Nos photos sur Facebook ou Instagram reflètent donc une volonté de se distinguer socialement, en démontrant que nous fréquentons cet endroit, que nous possédons cette chose, que nous allons dans tel lieu de vacances. Les enjeux sociétaux traversent ainsi nos pratiques en ligne et s’exposent sur nos murs virtuels.

 


1. http://www.blogdumoderateur.com/chiffres-facebook/ et http://www.blogdumoderateur.com/instagram-400-millions/

2. Soraya Mehdizadeh, (2010), « Self-Presentation 2.0: Narcissism and Self-Esteem on Facebook », in Cyberpsychology, Behavior and Social Networking, vol.13, n°4. [en ligne] http://online.liebertpub.com/doi/abs/10.1089/cyber.2009.0257

3. Ong, E. Y., Ang, R. P., Ho, J. C., Lim, J. C., Goh, D. H., Lee, C. S., & Chua, A. Y., (2011), « Narcissism, extraversion and adolescents’ self-presentation on Facebook. Personality and Individual Differences », vol. 50, n°2, 180-185. [en ligne] http://www.sciencedirect.com/science/article/pii/S0191886910004654

4. Selon le sémiologue Charles Peirce, les signes représentent le lien entre l’objet et le moyen de signifier cet objet. Ils peuvent être de trois types: iconique (basé sur une ressemblance à l’objet), indiciel (s’appuie sur une trace ou un « symptôme » de l’objet) ou symbolique (fondé sur un lien arbitraire). Peirce, (1978), « Écrits sur le signe».

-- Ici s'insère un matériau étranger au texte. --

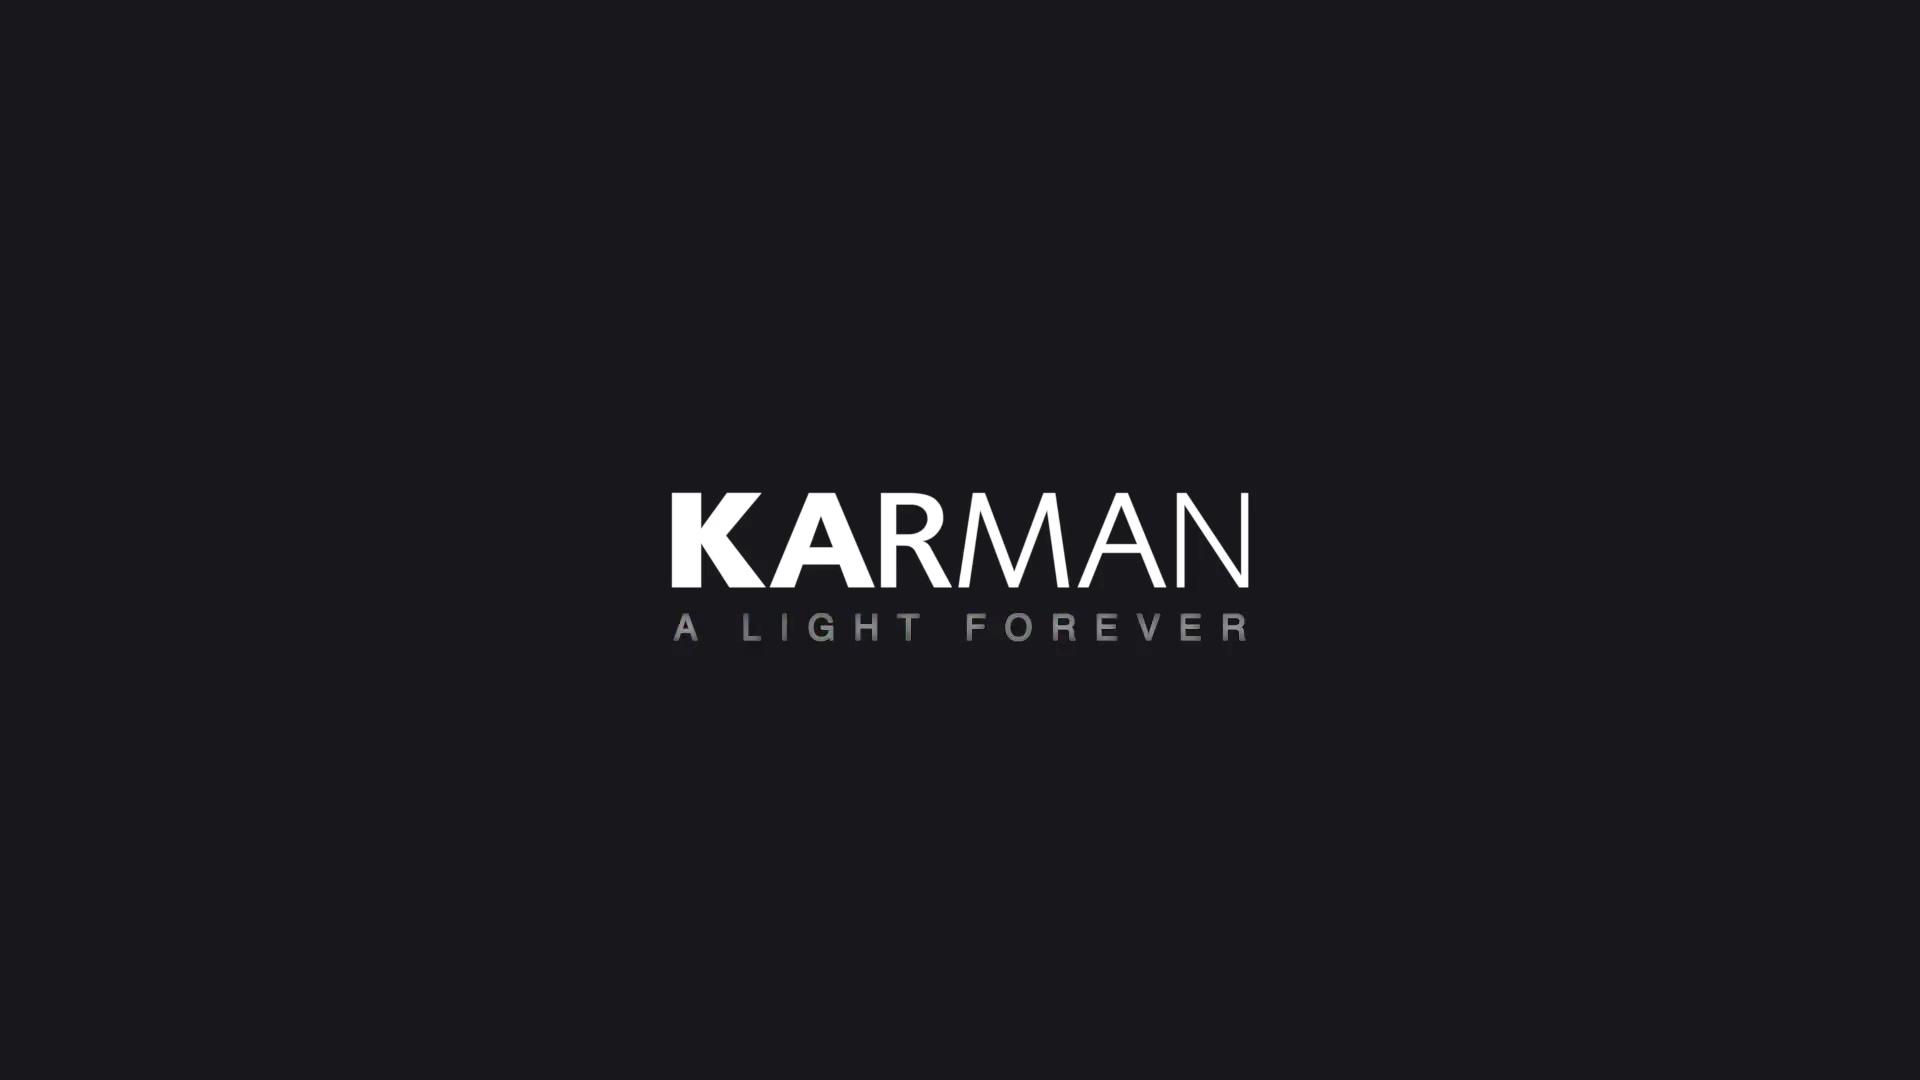 karman-4-prodotti

5. Selon le sociologue Pierre Bourdieu, les classes sociales structurent la société. Les individus vont chercher à se distinguer des autres classes sociales, mais aussi au sein d’une même classe, afin de paraître d’un rang plus noble. Bourdieu, (1979), « La distinction: critique sociale du jugement».

6. Dang-Nguyen, G., Huiban, E., Deporte, N., & Marsouin, T. B., « Usages sur Facebook: Entre reconnaissance et visibilité ». [en ligne] http://www.marsouin.org/IMG/pdf/la_visibilite_sur_facebook.pdf

7. Théorie développée par Thorstein Veblen dans son livre « Théorie des classe de loisir » (1979).